Friends mean well. Most of the time their advice is impeccable. Sometimes, however, their advice takes a while to sink in - or is still sinking in. Specifically, over the course of the last 7 years, I've had three friends attempt to teach me essentially the same thing but I'm still working on the concept. Originally, the lesson was to be assertive. The next time it was to do what I wanted. Most recently, it came in the form of a diagnosis - I have a Wall of Kindness.
The Wall of Kindness
- definition: barrier or force that prevents mistreatment of others but also promotes service for others always without consideration for myself.
Having a wall of this sort doesn't sound so bad, right? For the most part, it is a blessing. I've gained much in my life from my wall.
- applications:
- The Golden Rule - I strive to do to others what I would have others do to me.
- No matter how people have treated me, I have responded with kindness.
- At my convenience or inconvenience, my kindness continues.
- The result is my living for other people.
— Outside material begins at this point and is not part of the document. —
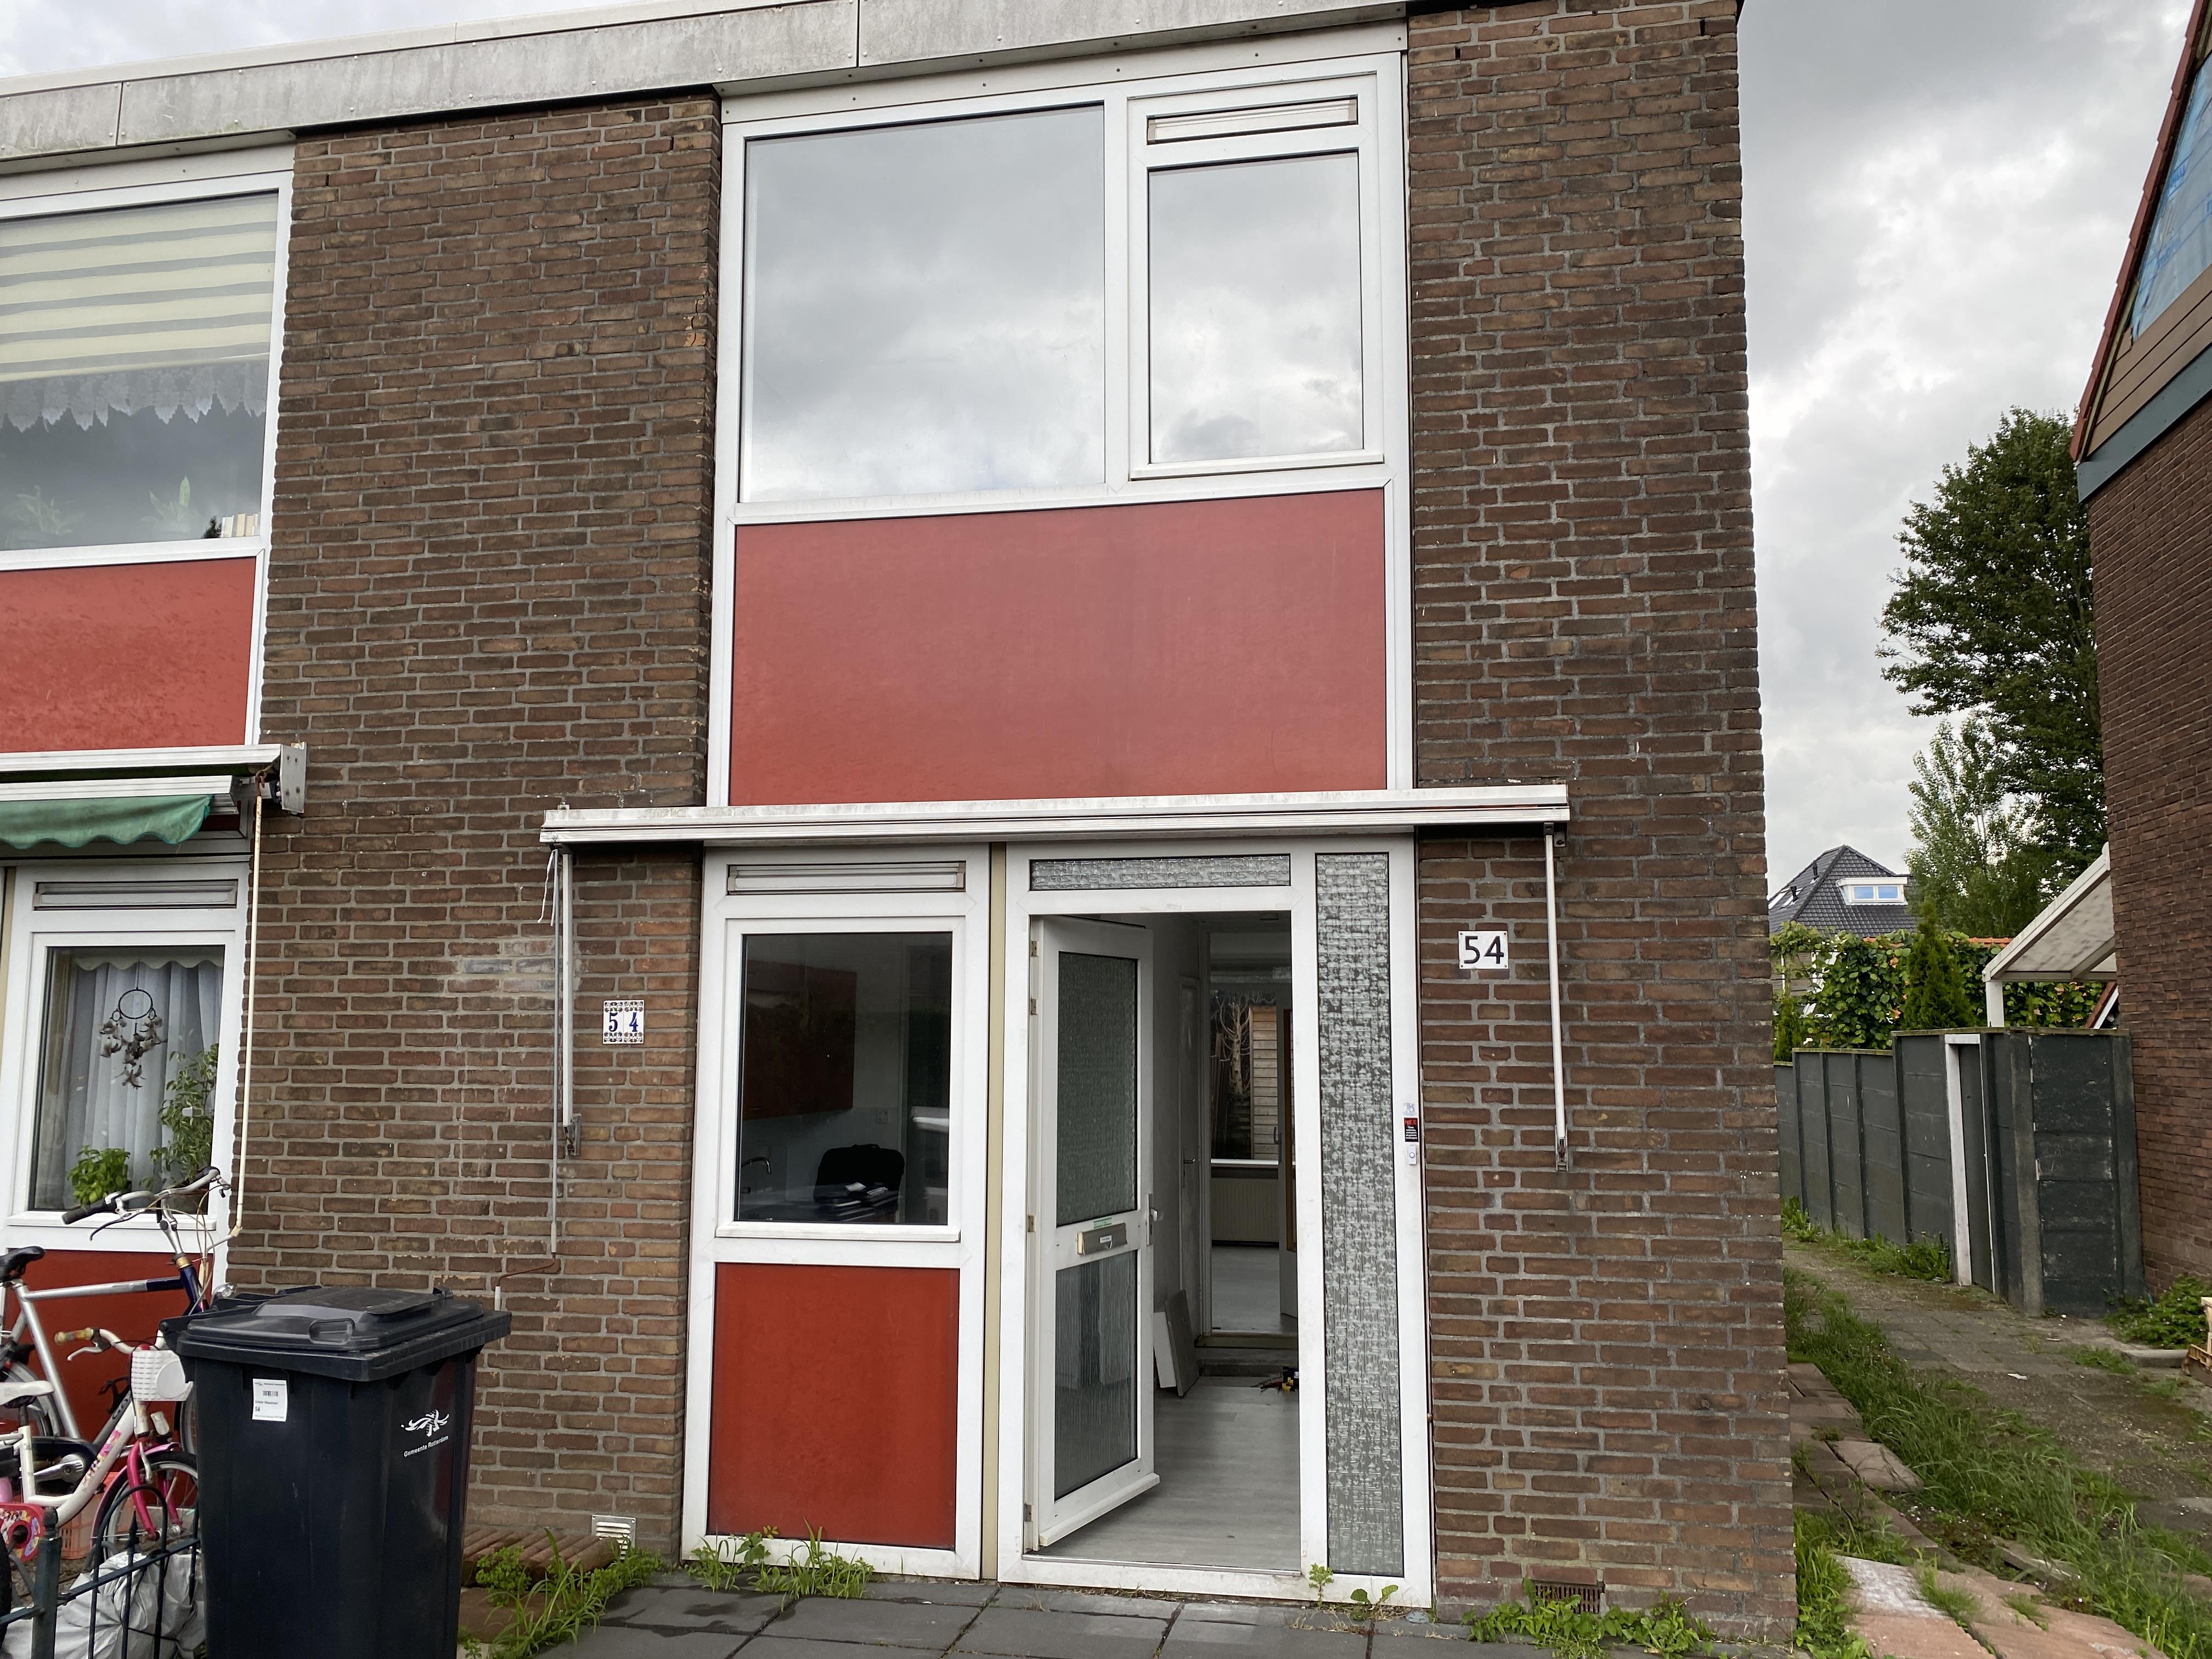 Dokter Wasstraat 54, 3195 BG Pernis, Nederland

After a while, I don't know what exactly my own life is made of.
And maybe it's that last part when it becomes a problem. Maybe there could be such a thing as 'too nice' when you don't know who you are anymore. But this has never stopped me. My Wall of Kindness reigns in my life. The Wall is all I've ever known - there's a safety in it as well as a mastery. If I can continue to be kind, I win in many ways. This leads me to believe that kindness isn't all there is.
What I truly seek is balance. The Scales of Kindness sound ideal. Maybe I can be kind without it ruling my life. I will be kind and still be myself. That's my new goal.